---- PROVIDED MATERIAL

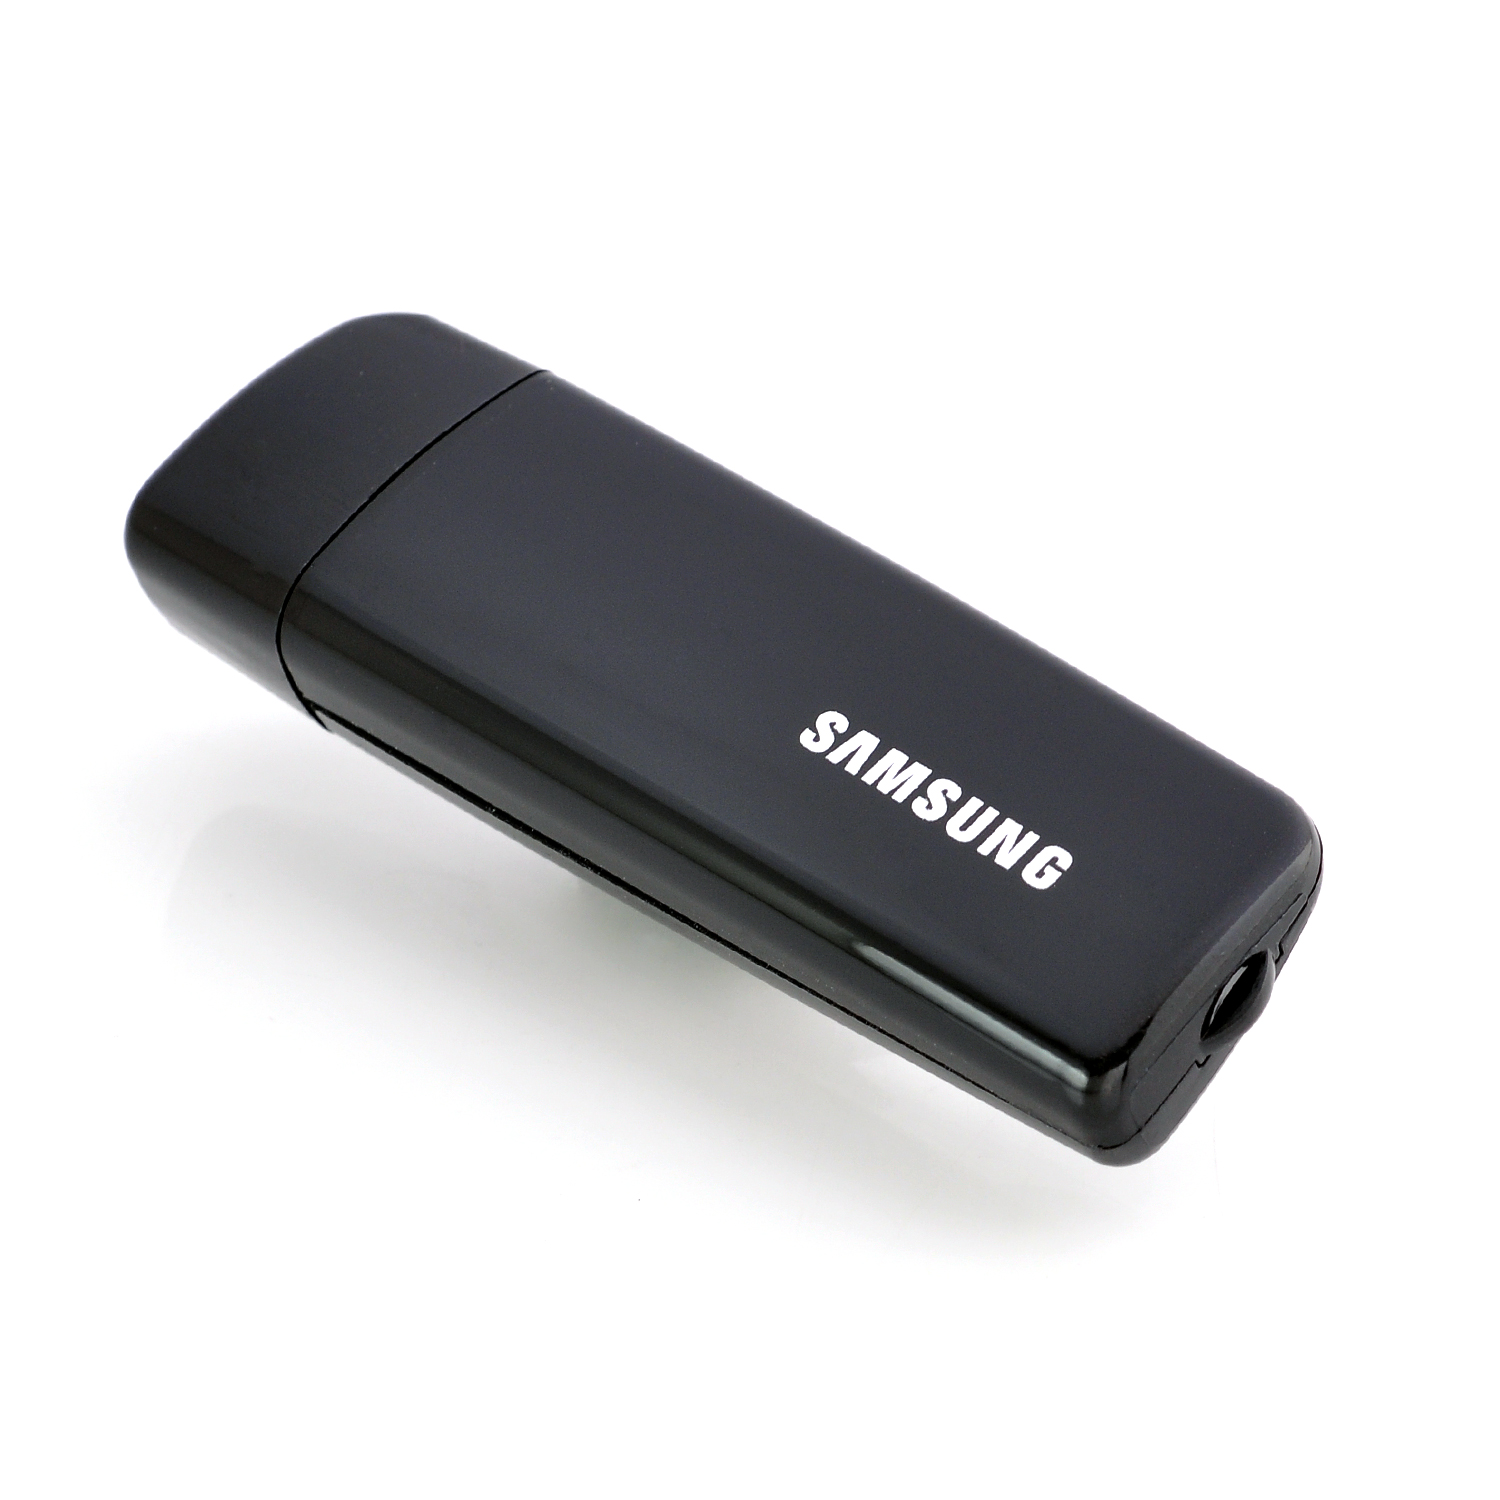 Samsung Wireless Lan Adapter Software
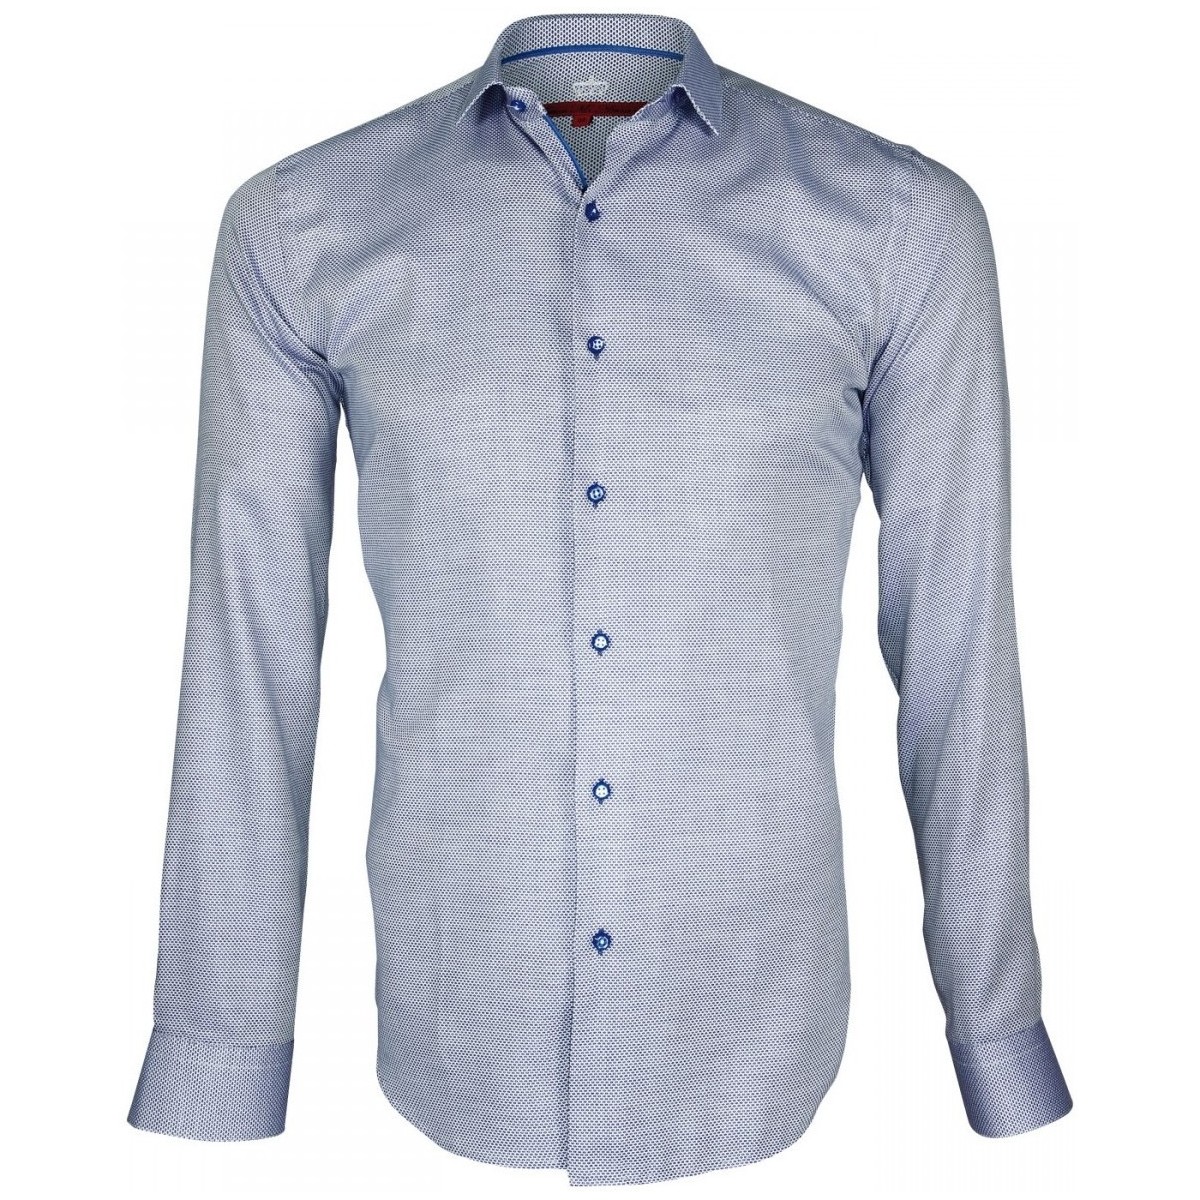 Vêtements Homme Chemises manches longues Votre ville doit contenir un minimum de 2 caractères chemise tissu armure hasting bleu Bleu
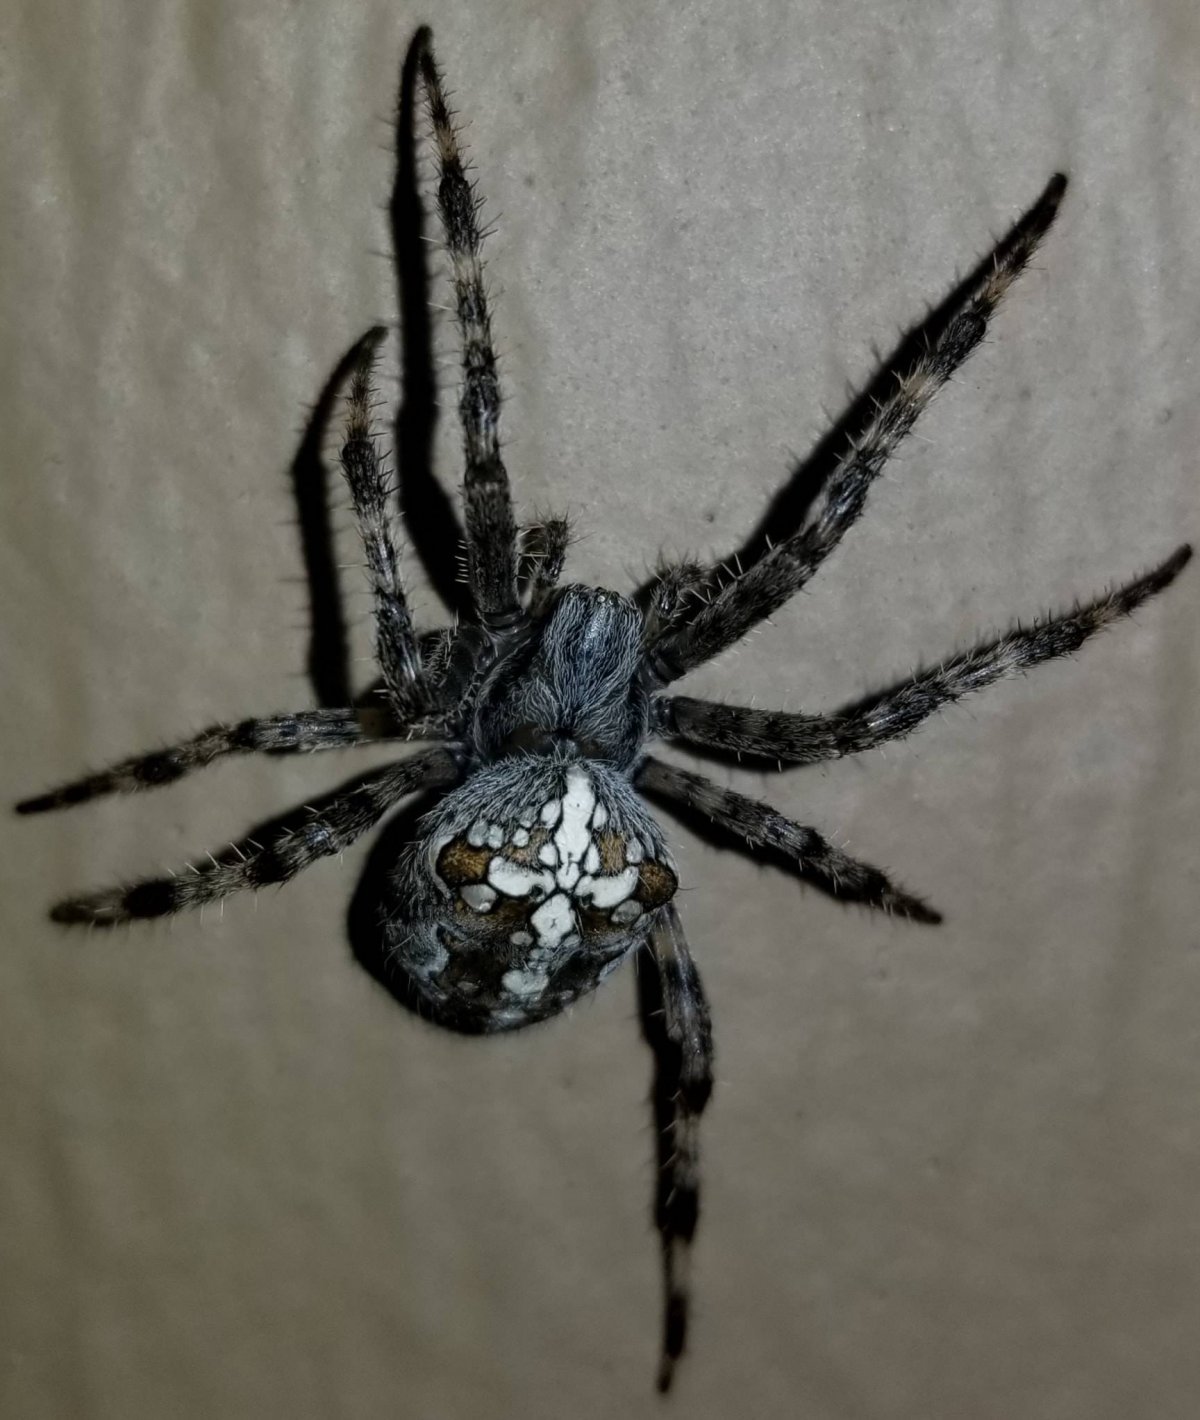 Черный паук с рисунком на брюшке

--------

YOUR ASSIGNMENT >> Could you give all of the data again exactly as written, omitting any pictures?

EXERCISE RESULT >>
 Samsung Wireless Lan Adapter Software
 Vêtements Homme Chemises manches longues Votre ville doit contenir un minimum de 2 caractères chemise tissu armure hasting bleu Bleu
 Черный паук с рисунком на брюшке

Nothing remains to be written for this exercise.